**Dataset section**.
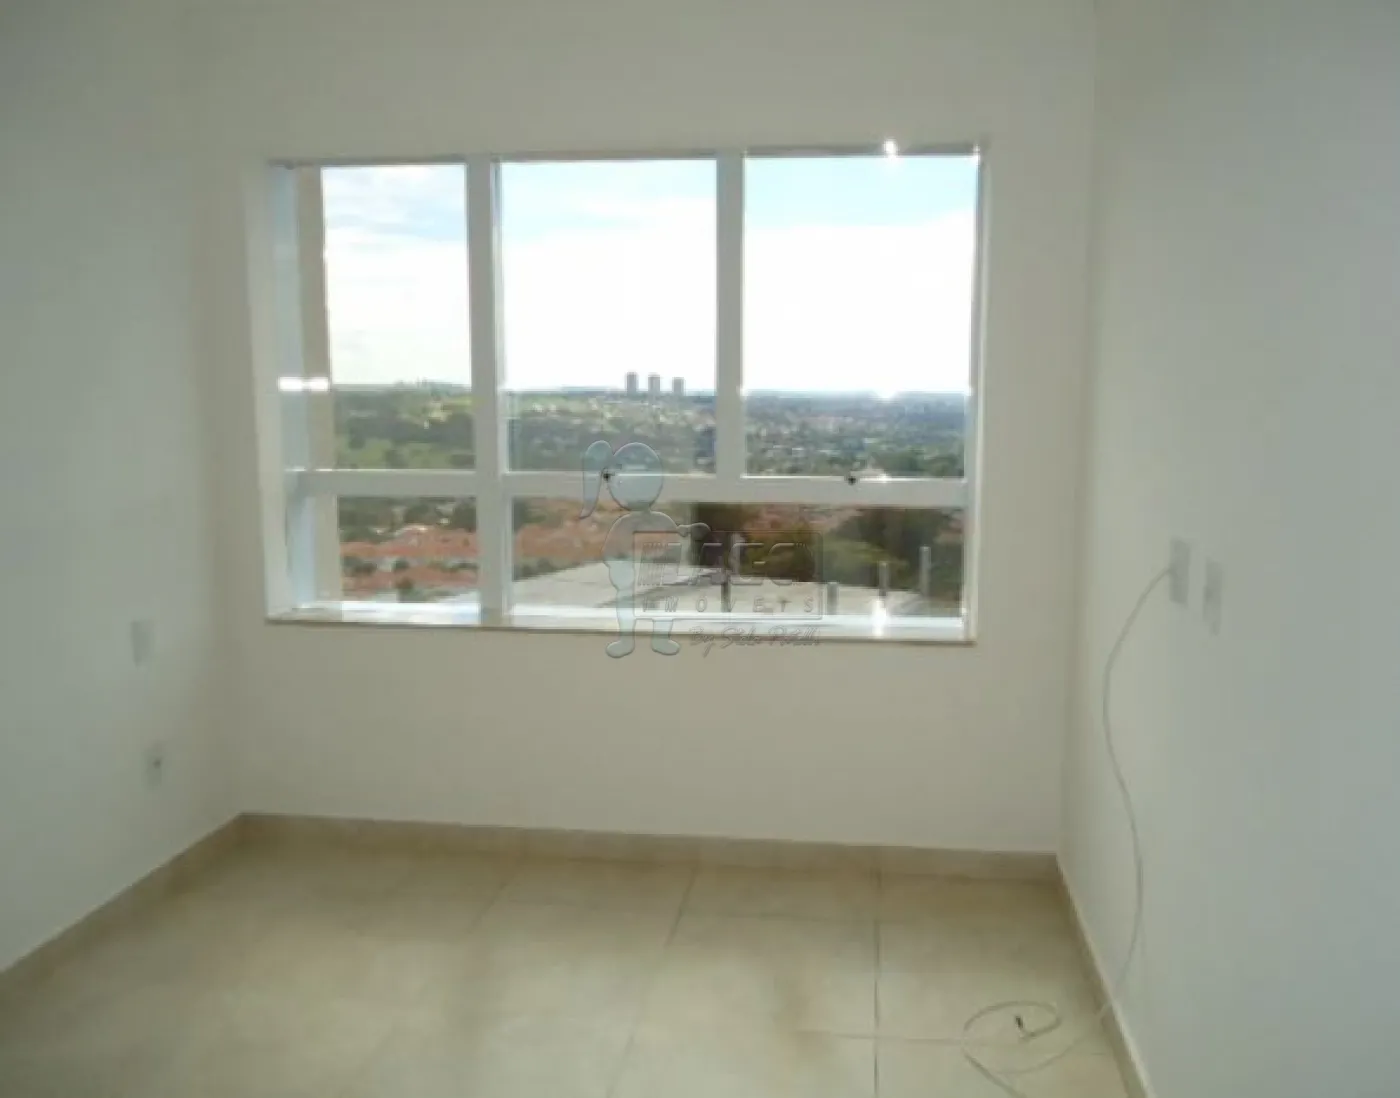 Alugar Apartamentos / Cobertura em Ribeirão Preto R$ 4.000,00 - Foto 9
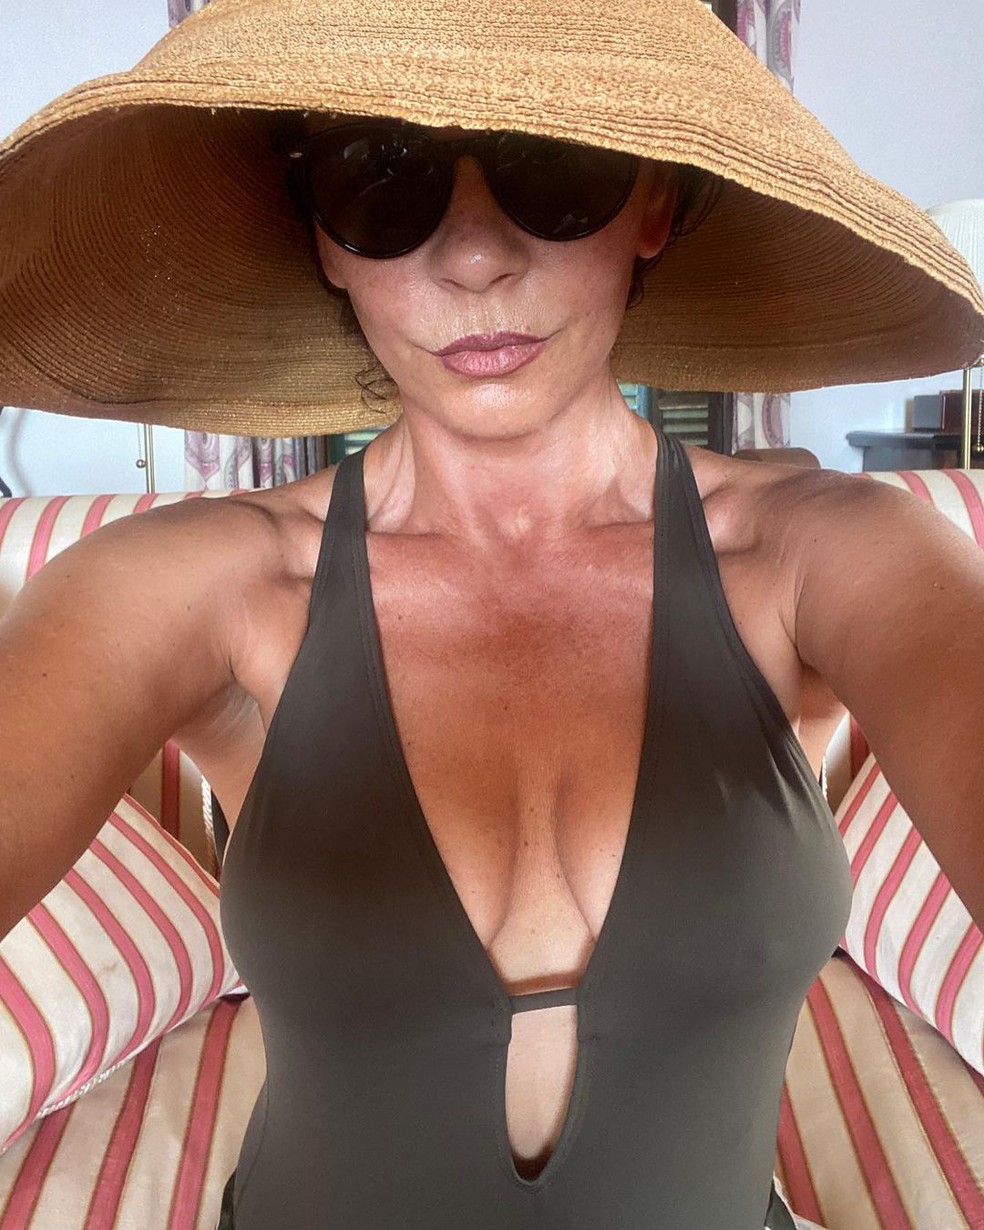 Catherine Zeta-Jones compartilha cliques de maiô com recorte frontal e ganha elogios — Foto: Reprodução / Instagram
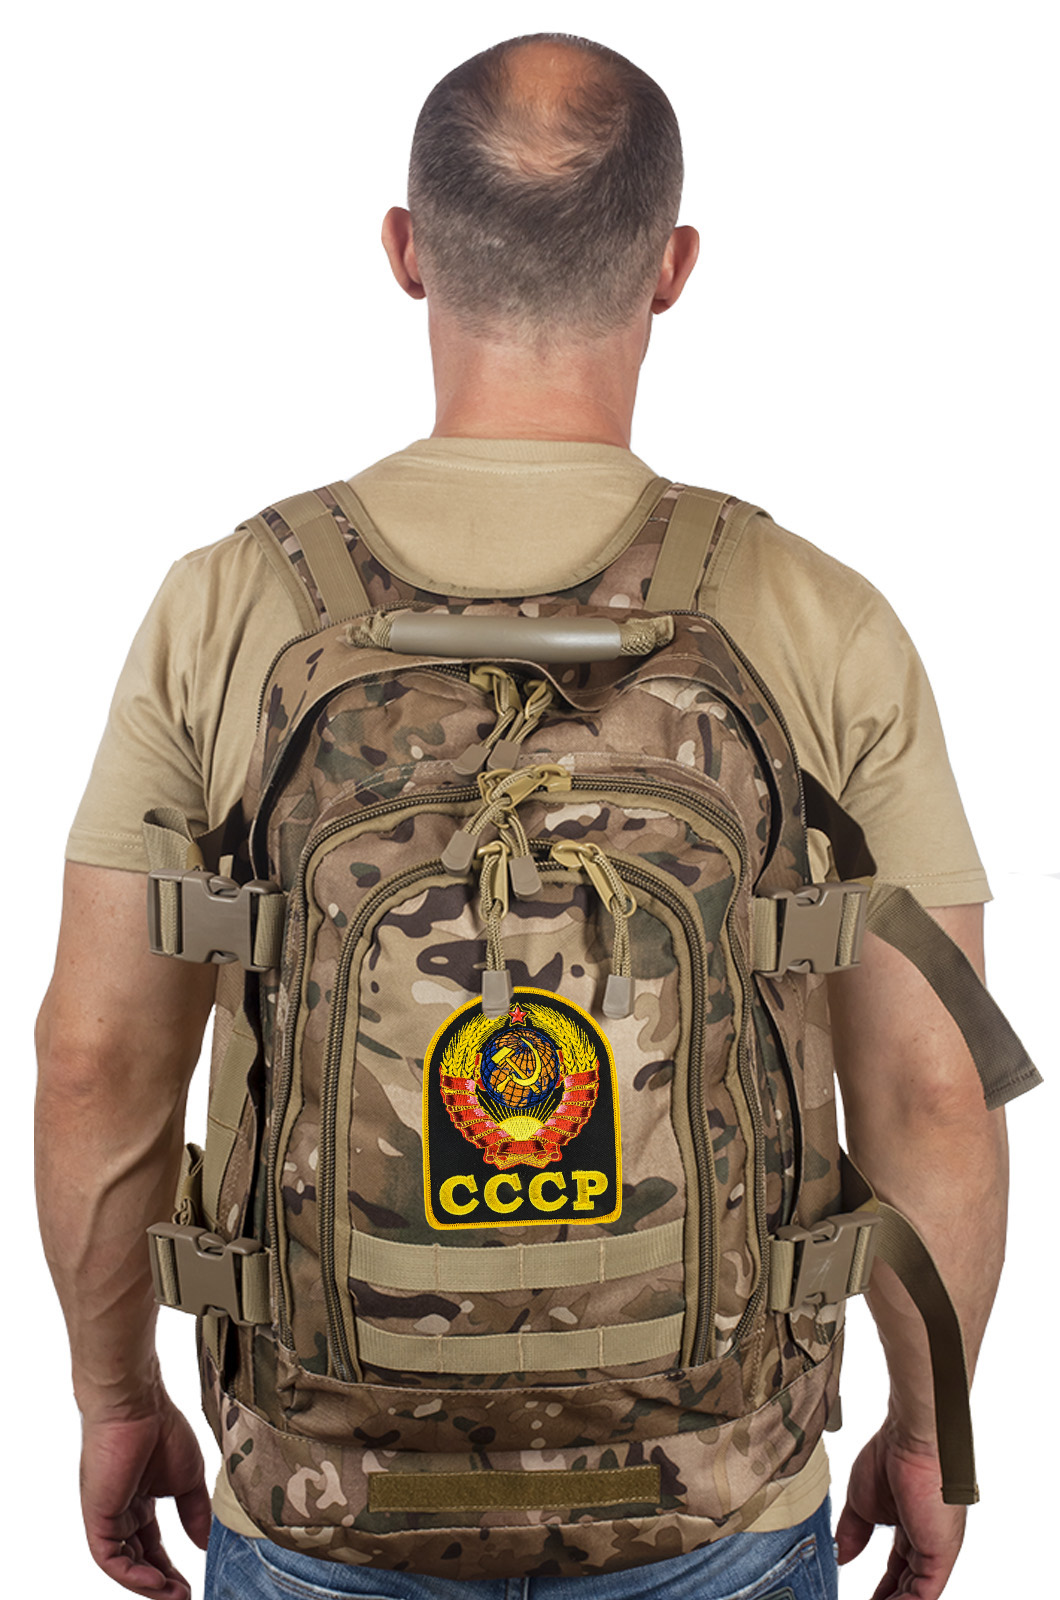 Тактический рюкзак разведчика 3-Day Expandable Backpack 08002B Multicam с эмблемой СССР 
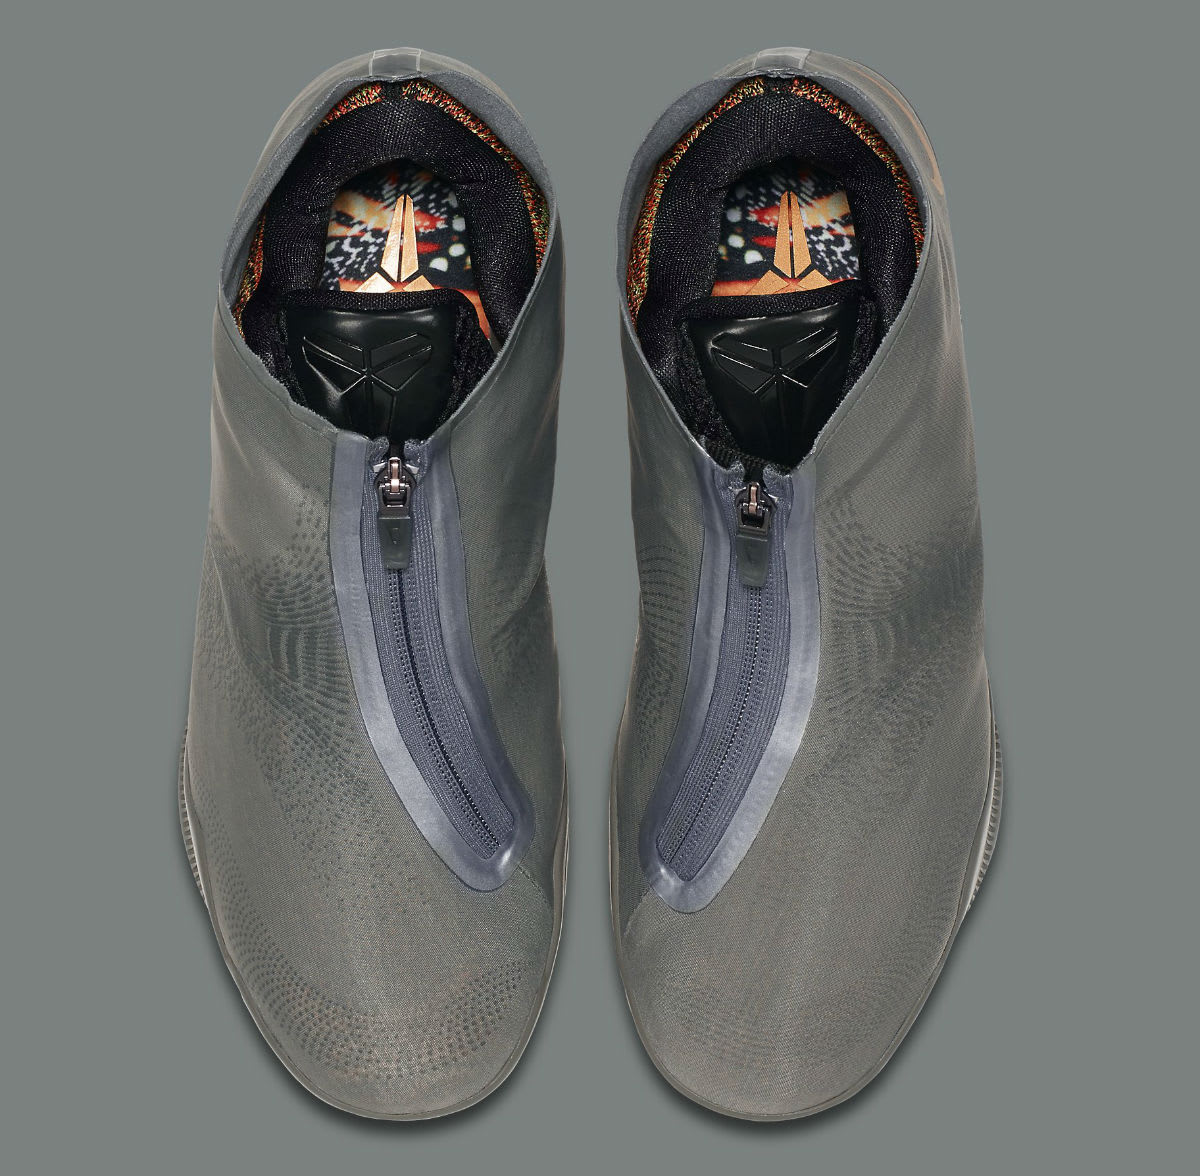 Nike Kobe 11 ALT Grey Release Date

**Task statement**. Word for word, restate only the lines from the one bearing "Тактический рюкзак разведчика" through the final line of the listing, inclusive, with no pictures.

**Task output**.
 Тактический рюкзак разведчика 3-Day Expandable Backpack 08002B Multicam с эмблемой СССР 
 Nike Kobe 11 ALT Grey Release Date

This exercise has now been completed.